In November 2010, Six Flags began the process of terminating several licensing deals they had with various brands that they deemed unnecessary, including the one they had with Tony Hawk to use his brand and likeness. Six Flags Discovery Kingdom's 2010 season operating schedule lasted into January 2011 for Holiday in the Park, so the park quickly removed Tony Hawk's name from the ride and any other memorabilia associated with him and operated the coaster as "Big Spin" for the remainder of the season. At the beginning of the 2011 season, Big Spin was officially renamed to Pandemonium like the other versions of the coaster at Six Flags Discovery Kingdom's sister parks.

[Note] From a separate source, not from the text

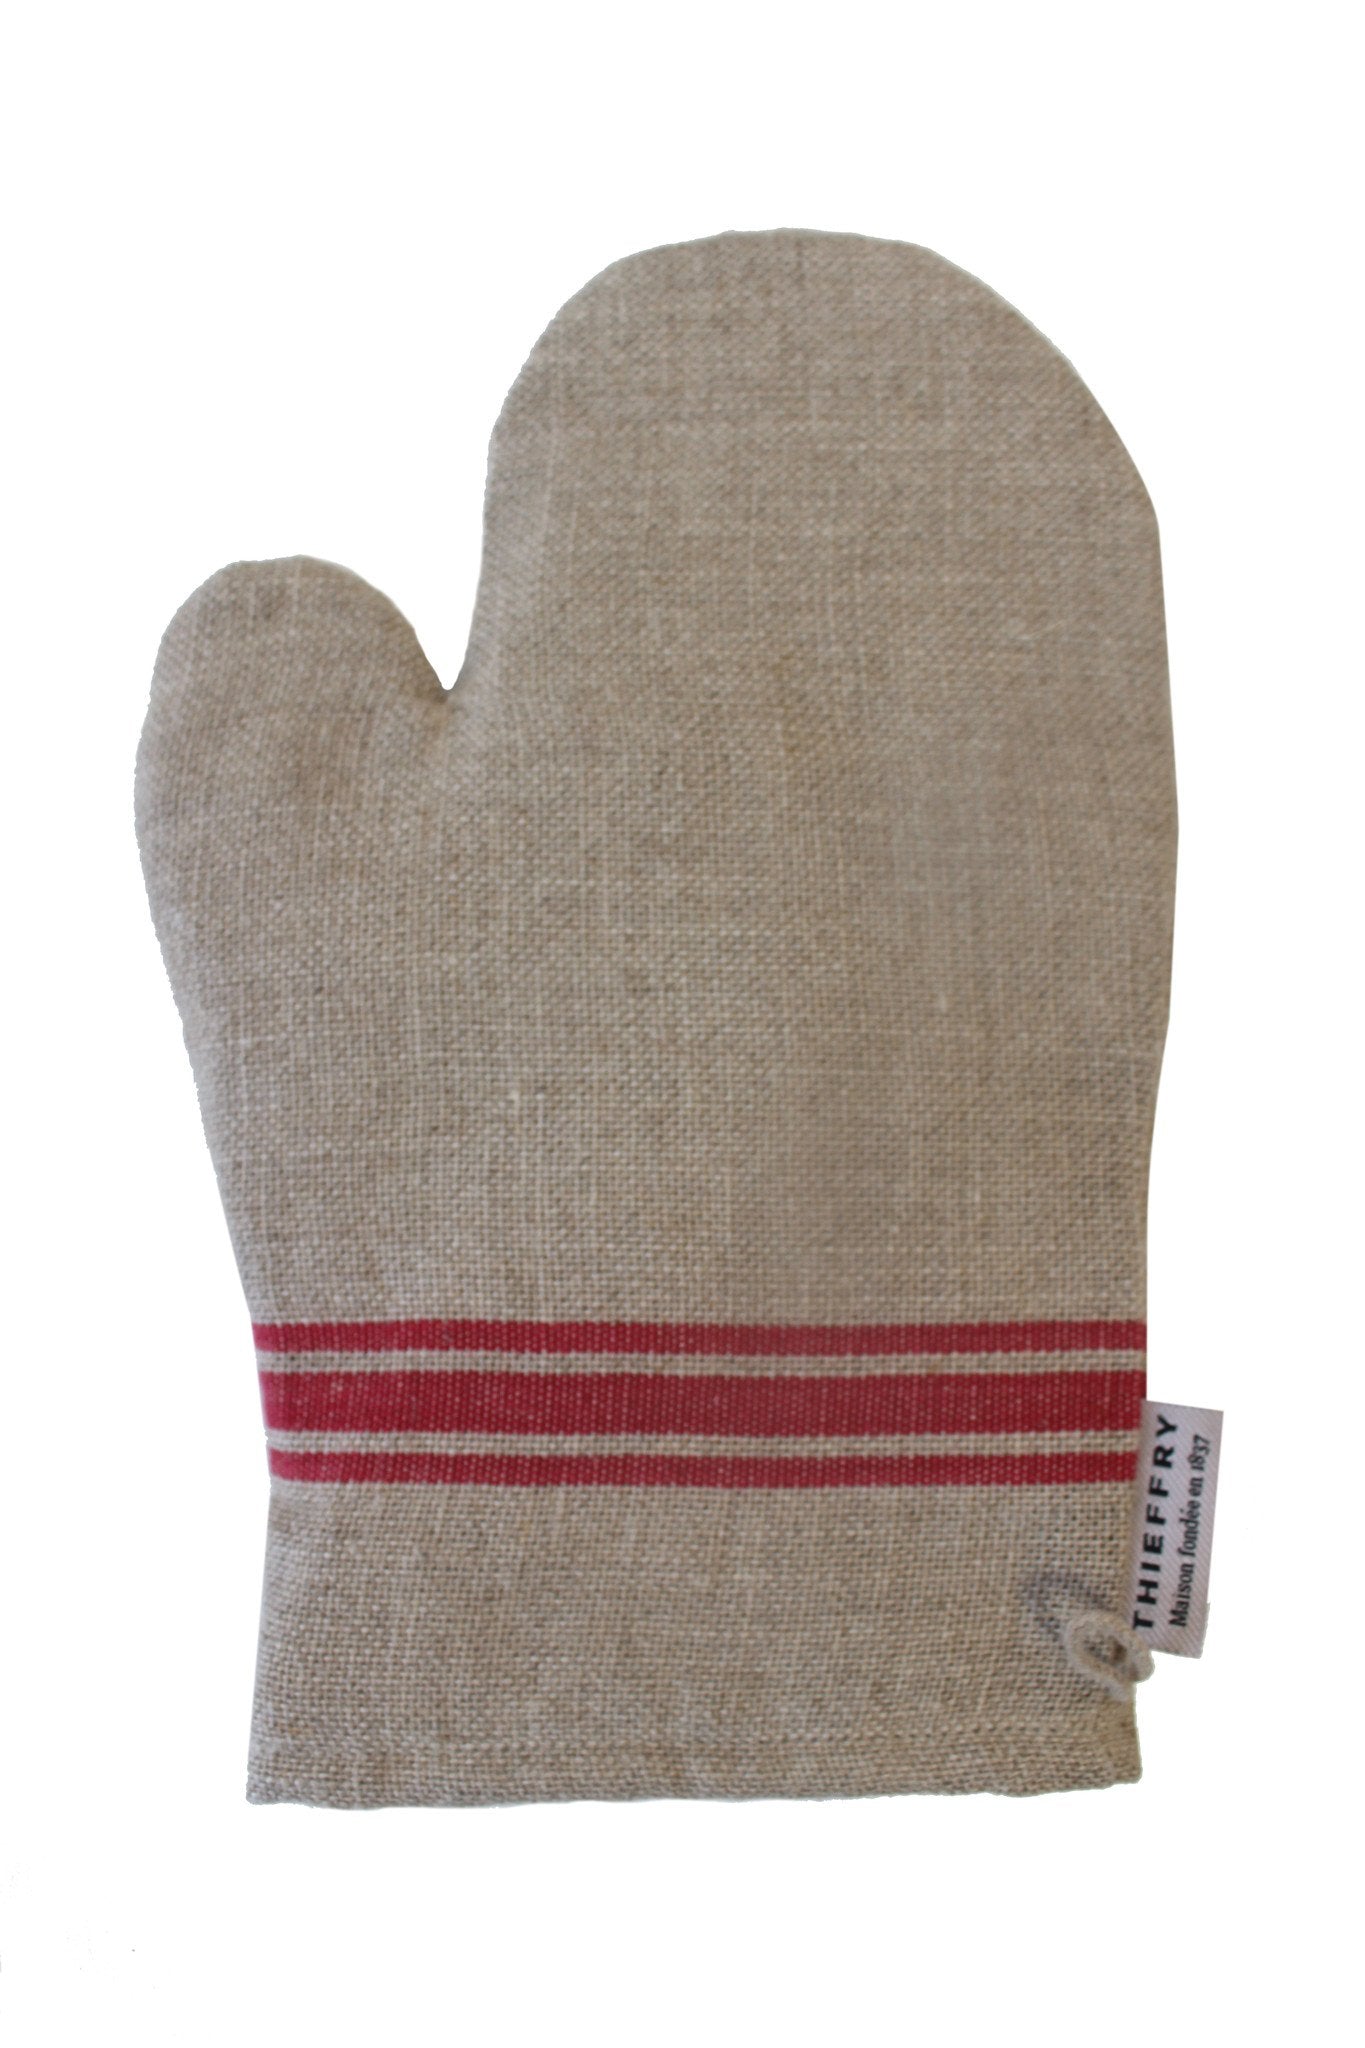 Thieffry Red Monogramme Linen Oven Mitt - French Dry Goods
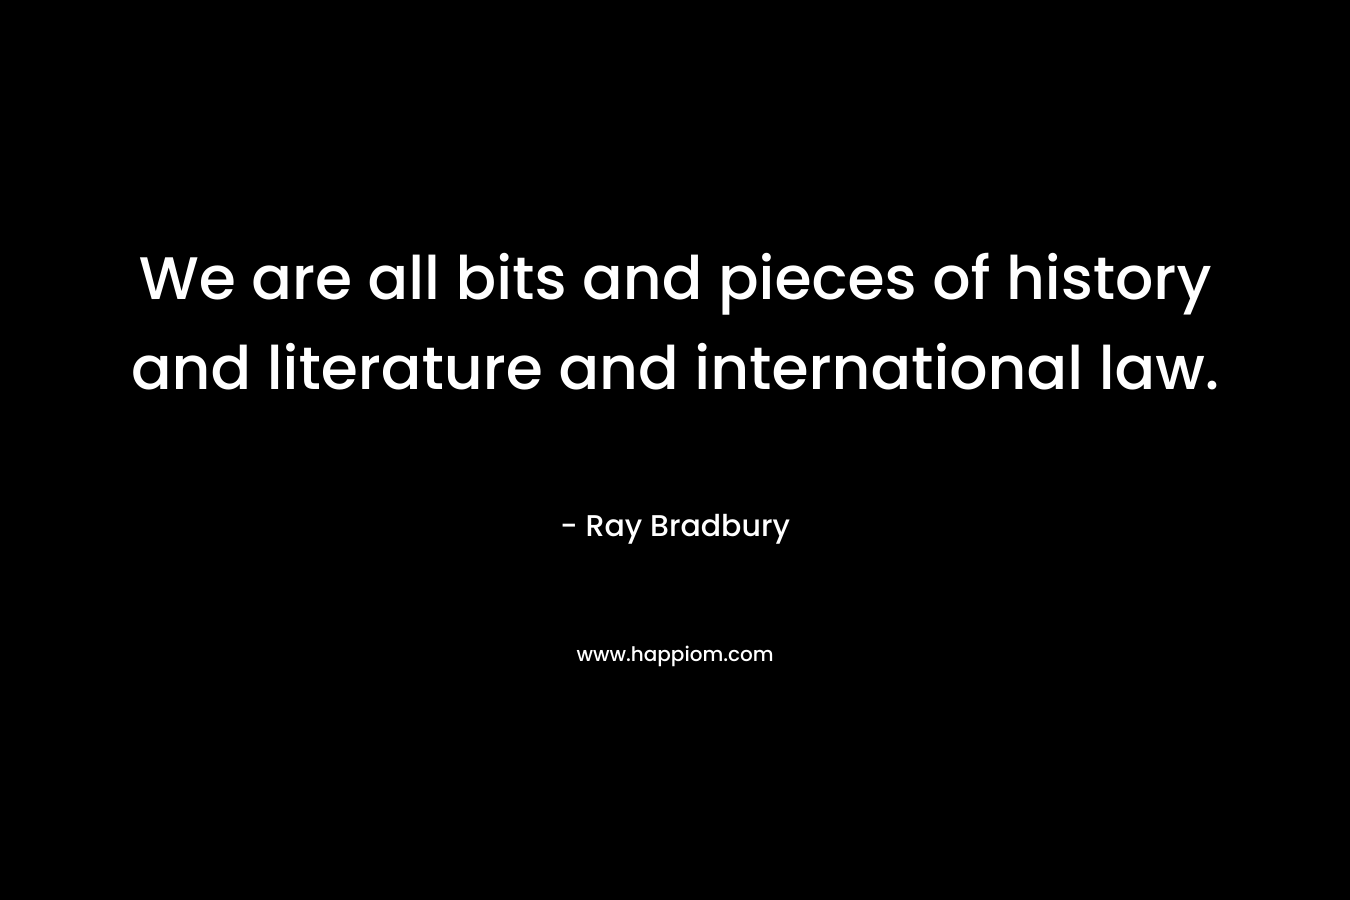 We are all bits and pieces of history and literature and international law.

In late 2011, Superman: Ultimate Flight was announced to be built at Discovery Kingdom for the 2012 season, which would replace their installation of Pandemonium. The ride permanently closed on January 1, 2012. As Pandemonium was a relatively new coaster, Six Flags decided to move the coaster to the headquarters of Larson International and Roller Coaster Museum, which are both located in Plainview, Texas, to keep in storage. In mid 2012, Six Flags México announced The Joker for the 2013 season. Freshly repainted and recolored track of the former Pandemonium roller coaster was later moved from Texas to Mexico, where it was reassembled and reopened on March 7, 2013.

==Layout==
According to the Gerstlauer website, there are two different versions of its spinning roller coaster model, as well as a customization option for a park to fit its desires. The Joker is the only 400 model in operation, as the rest are the 420 model. The 400 model is shorter at 48 ft, more compact and has a lower capacity. The layout consists of several "segments" separated by brakes. The first segment includes a swooping drop and a climb into the second segment, which is a series of S-shaped turns. The third segment is a heavily banked figure-8; the fourth is a series of hills that form a semicircle; the fifth is a pair of small hills; and the sixth is a helix into the seventh segment, which is a long loop that leads to a massive hill and finally into the brake run. For most of the ride, the cart is spinning around rapidly.